Aristotele (384/3 – 322)
Delle quattro cause riconosciute da Aristotele (materiale, formale, efficiente, finale) solo la causa
efficiente è ammessa. Alla scienza infatti non interessa (o non può conoscere) il “perché” finale o lo
scopo di un fatto (ad esempio, perché nell’economia generale della natura esistano le malattie), ma
solo la sua causa efficiente, cioè l’insieme delle forze che producono quel fatto (ad esempio, i
meccanismi delle infezioni batteriche).
La natura è un insieme di relazioni e non un sistema di essenze, perché lo sguardo del ricercatore
è puntato non su presunti principi sostanziali occulti e inverificabili posti alla base della realtà, ma
sulle relazioni causali riconoscibili che legano i fatti tra loro. Ad esempio, allo scienziato non
interessa indagare la sostanza del fulmine, ma solo chiarire i rapporti di causa ed effetto che lo
pongono in relazione ad altri fenomeni e lo rendono comprensibile, come la luce solare, le gocce
d’acqua, ecc..
I fatti sono governati da leggi, perché essendo causalmente legati tra loro, obbediscono a regole
uniformi che rappresentano i modi necessari e i principi invarianti attraverso cui la natura opera. Di
conseguenza, dal punto di vista scientifico, la natura consiste in un insieme di leggi che regolano i
fenomeni e li rendono prevedibili.
La nuova visione della scienza
La scienza moderna è un sapere sperimentale, perché si fonda sull’osservazione dei fatti e perché le
ipotesi vengono verificate (da verum facere, fare il vero, accertare la verità) empiricamente e non
soltanto attraverso dimostrazione razionale. La scienza, tuttavia, non è una semplice registrazione
dei fatti, inquadrata in una teoria generale, ma una costruzione complessa, su base matematica, che
si conclude con l’esperimento, cioè una procedura appositamente costruita per la verifica delle
ipotesi.
La scienza è un sapere quantitativo che si fonda sul calcolo e la misura, perché matematizza i propri
dati, esprimendoli in formule precise. Pertanto, la quantificazione diviene una delle condizioni
imprescindibili dello studi della natura.
«La filosofia è scritta in questo grandissimo libro che continuamente ci sta aperto
innanzi a gli occhi (io dico l’universo), ma non si può intendere se prima non s’impara
a intender la lingua, e conoscer i caratteri, ne’ quali è scritto. Egli è scritto in lingua
matematica, e i caratteri son triangoli, cerchi, ed altre figure geometriche, senza i quali
mezzi è impossibile a intenderne umanamente parola; senza questi è un aggirarsi
vanamente per un oscuro laberinto» [Galileo Galilei, Il Saggiatore, Cap.
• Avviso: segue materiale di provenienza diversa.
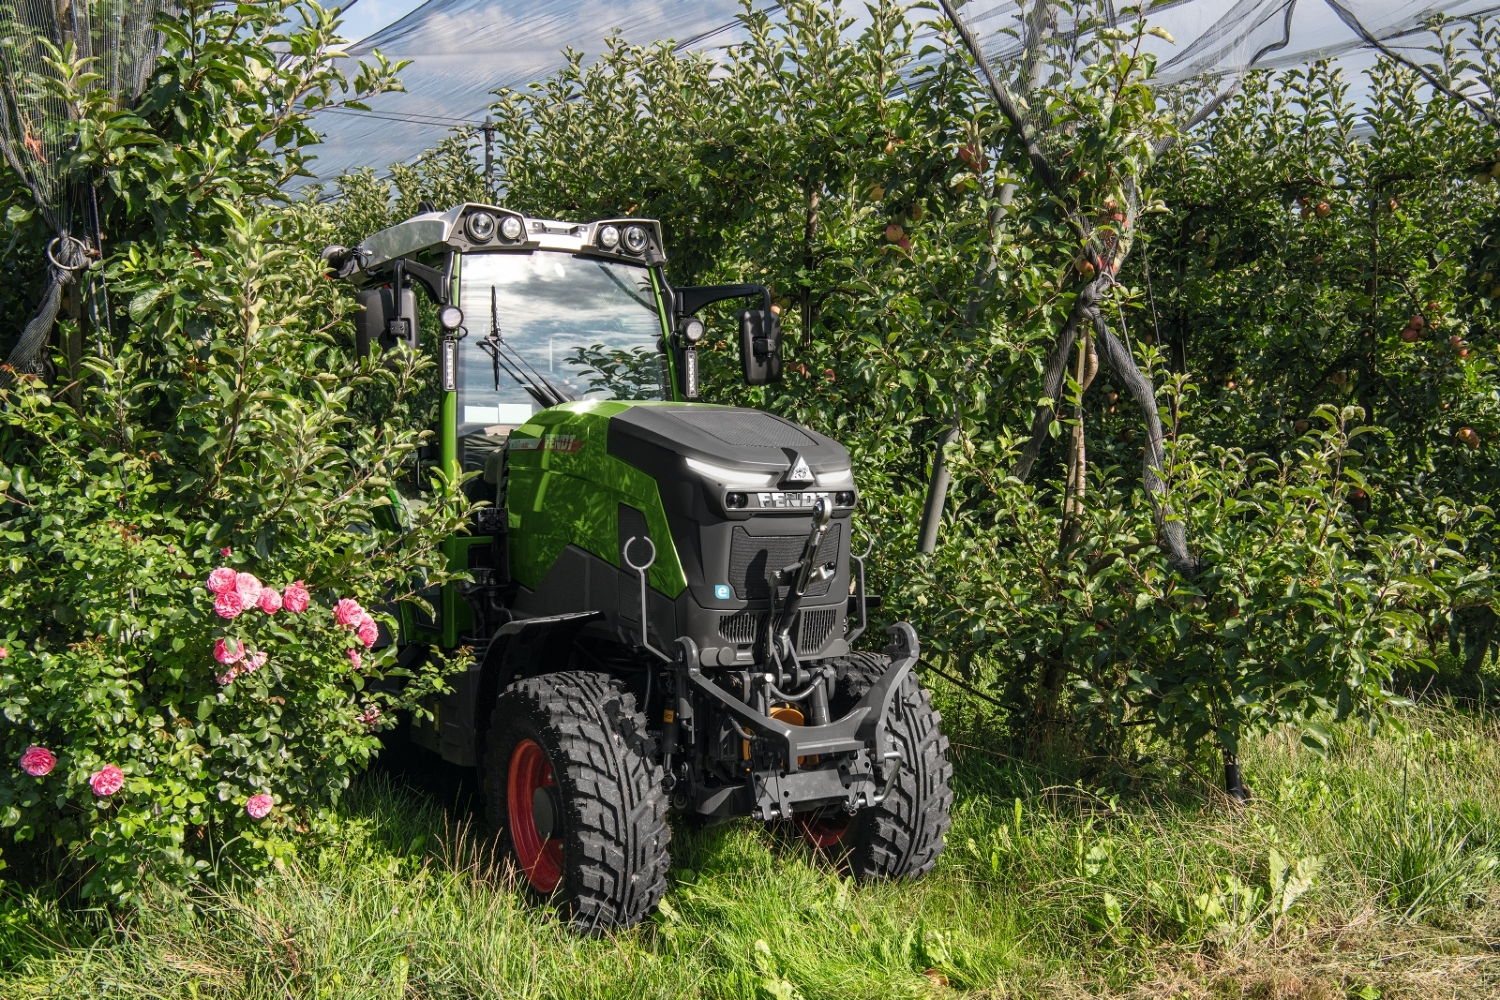 A Fendt e100 V Vario standing between rows of apple trees
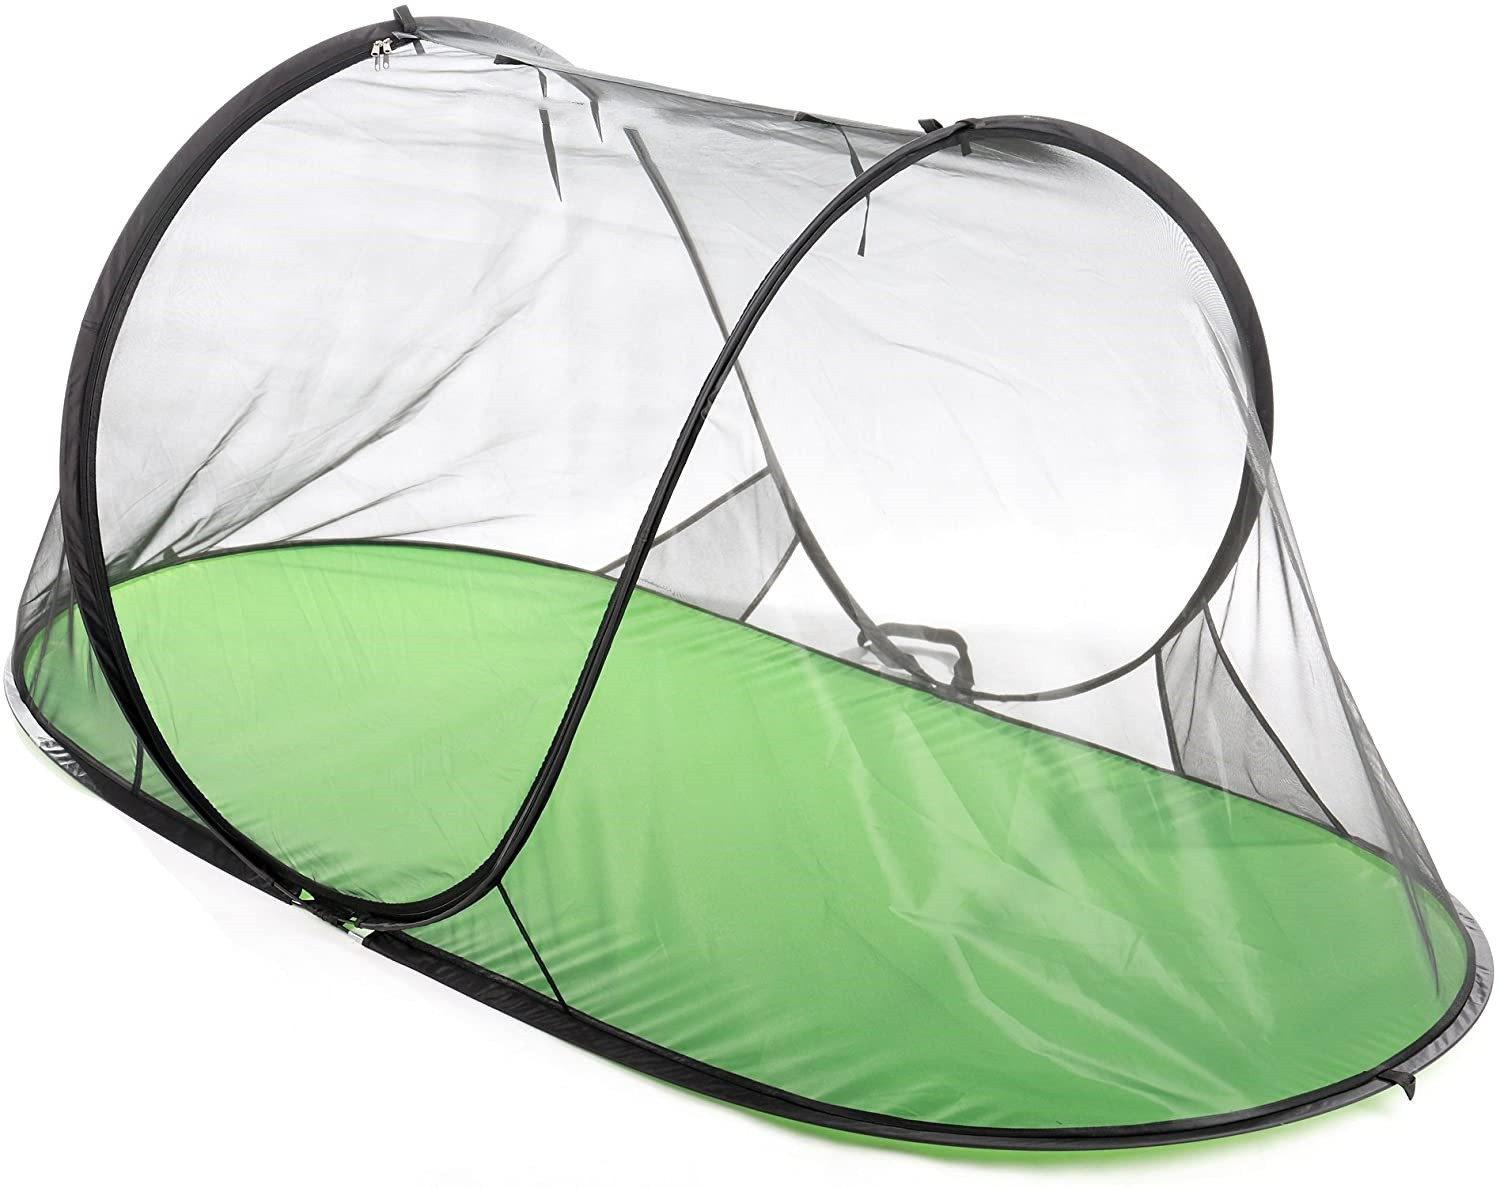 Stand-Alone Mosquito Net Foldable Portable Mosquito Net Tent Pop-up Easy to Use Single Mosquito Net Installation-Free

VI].

La scienza è un sapere intersoggettivo, perché i suoi procedimenti vogliono essere pubblici, cioè
accessibili a tutti, e le sue scoperte pretendono di essere universalmente valide, cioè controllabili, in
via di principio da tutti. Galilei apre il Sidereus nuncius, il primo rapporto scientifico della
tradizione occidentale, con uno schema che permette di costruire il cannocchiale con cui ha
prodotto le osservazioni celesti descritte nel testo. Così facendo, la scienza moderna si stacca dalla
magia e delle discipline occulte, le quali presuppongono una concezione iniziatica o sacerdotale del
sapere, appannaggio di un gruppo ristretto di persone.